» INFORMATION SUPPLIED:
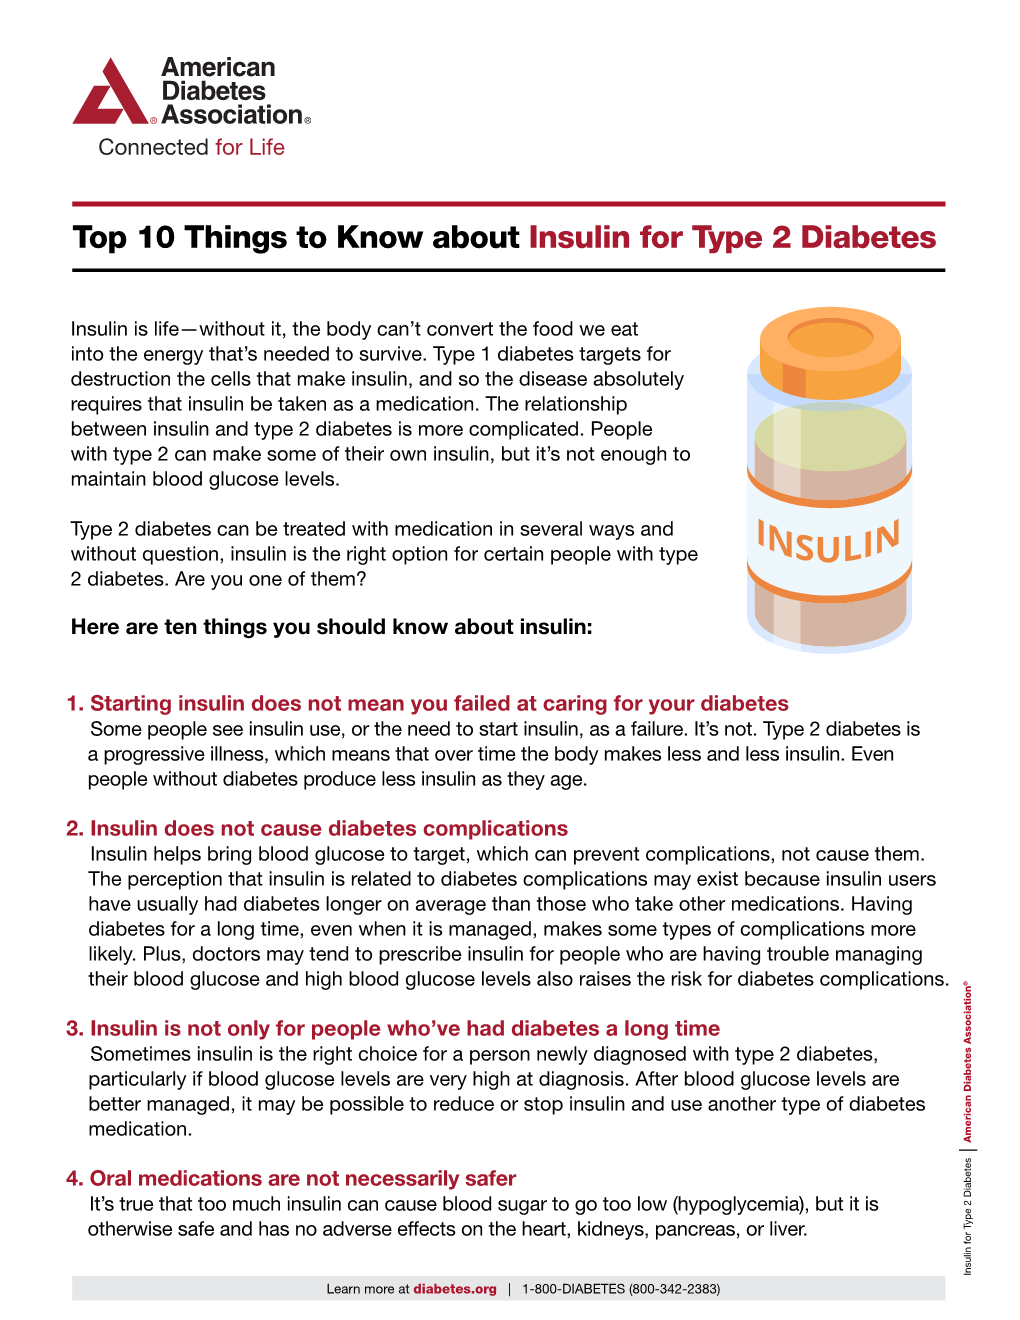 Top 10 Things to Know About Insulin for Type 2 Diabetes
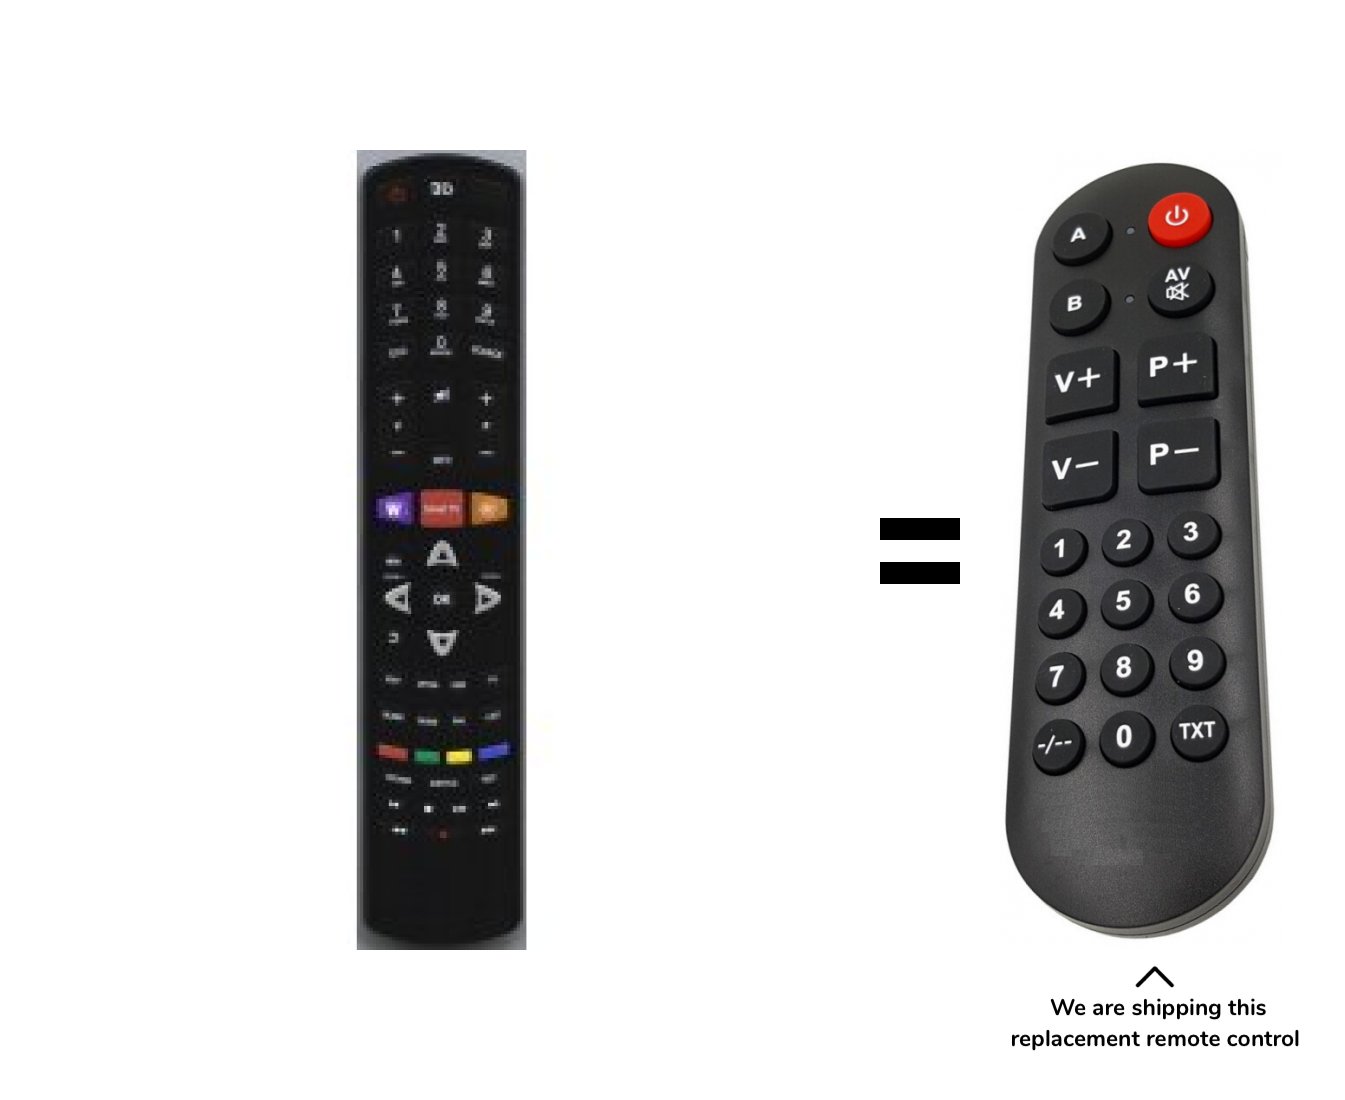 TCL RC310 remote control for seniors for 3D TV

* * *

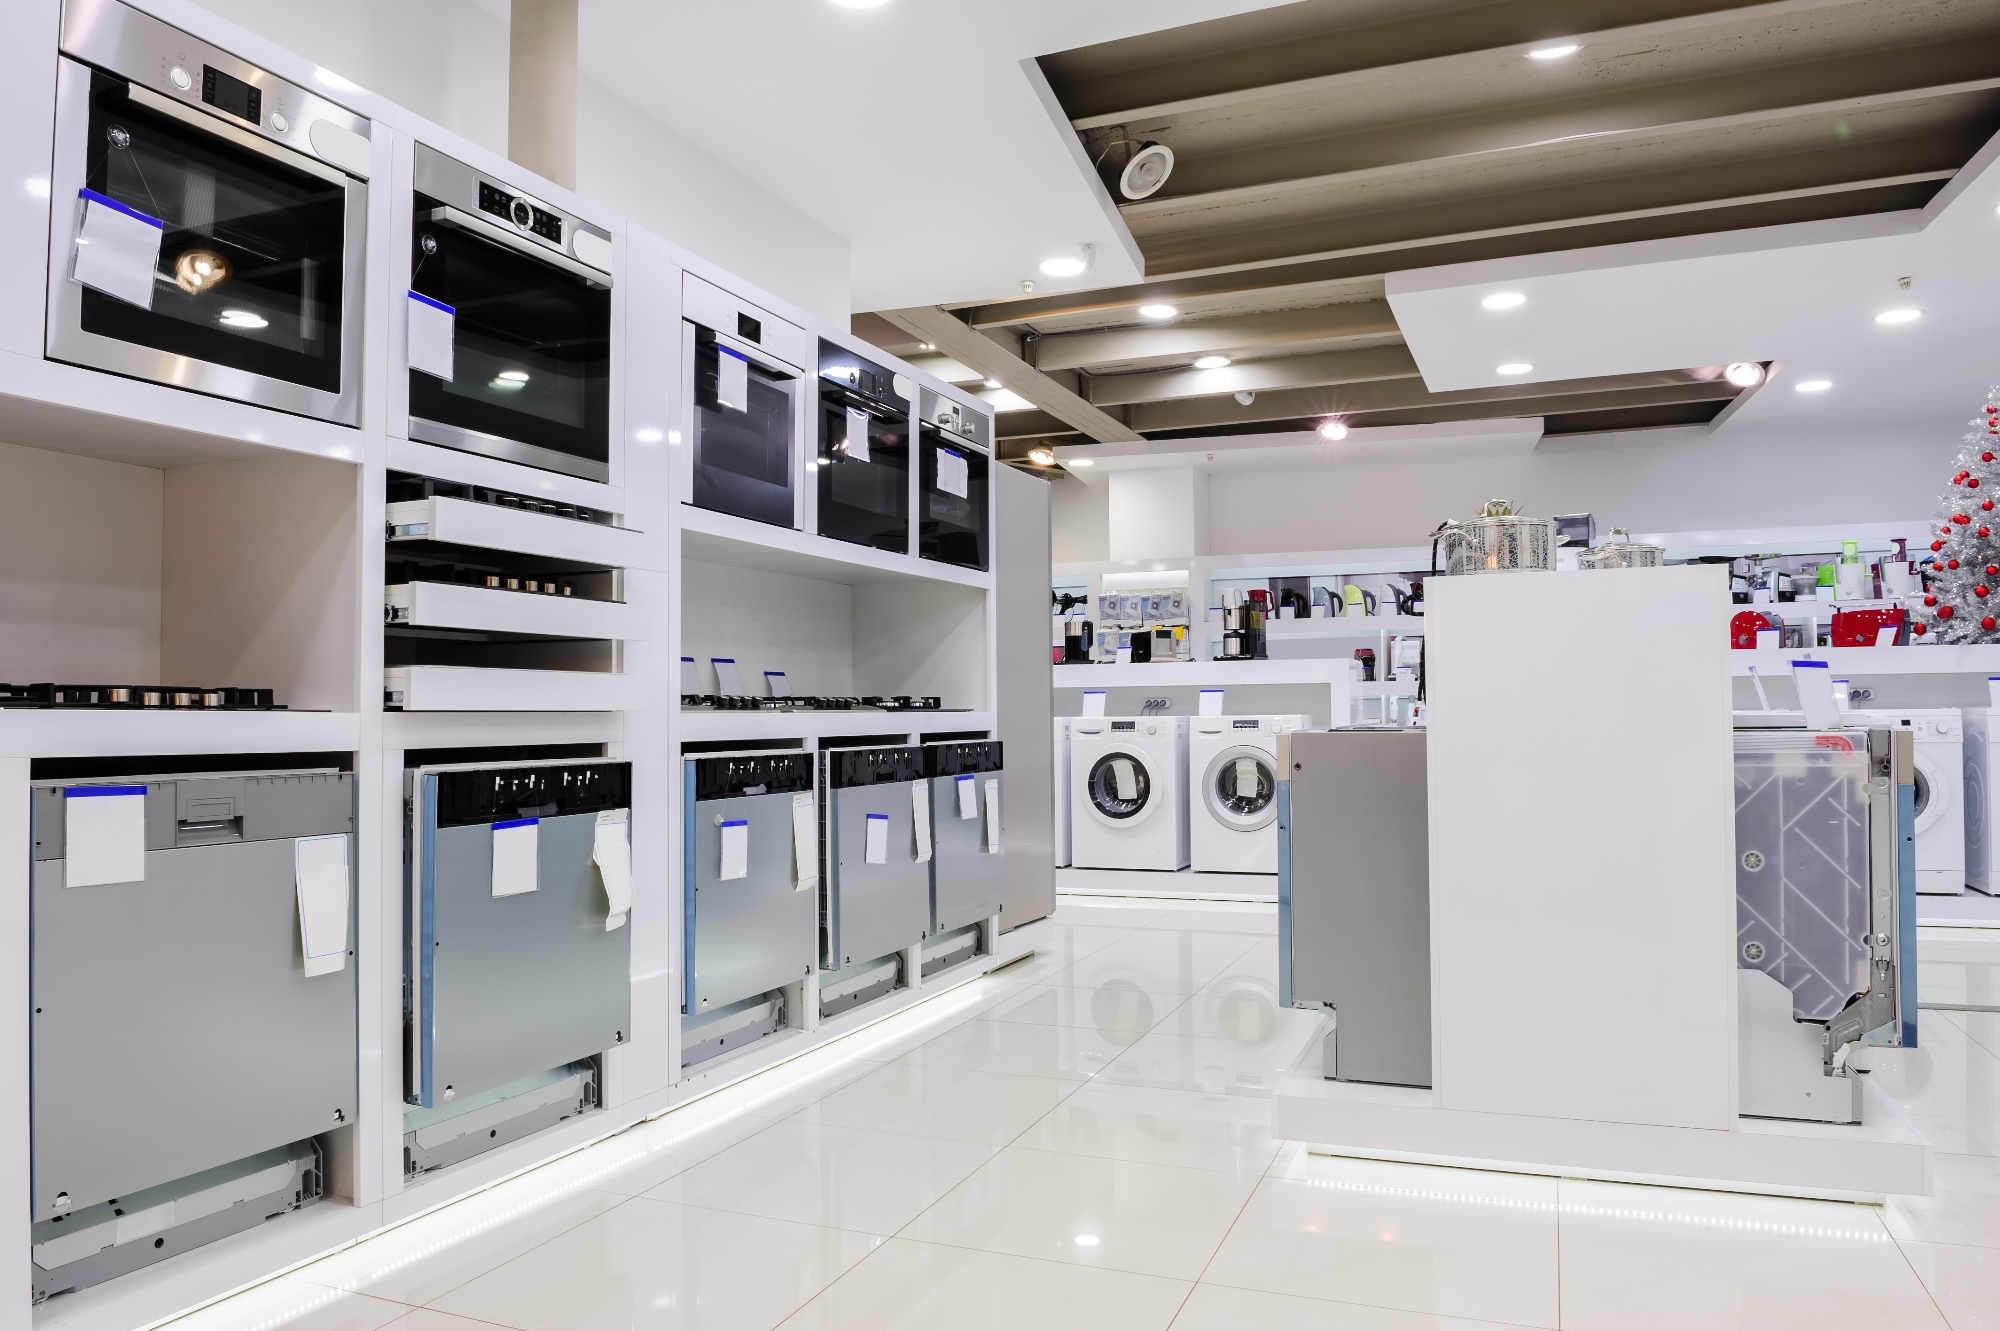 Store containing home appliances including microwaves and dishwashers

» ACTION ITEM:
Write out the lines above from the one with "Top 10 Things" through the one with "TCL RC310 remote", ends included, exactly; no picture goes in.

» THE ANSWER:
 Top 10 Things to Know About Insulin for Type 2 Diabetes
 TCL RC310 remote control for seniors for 3D TV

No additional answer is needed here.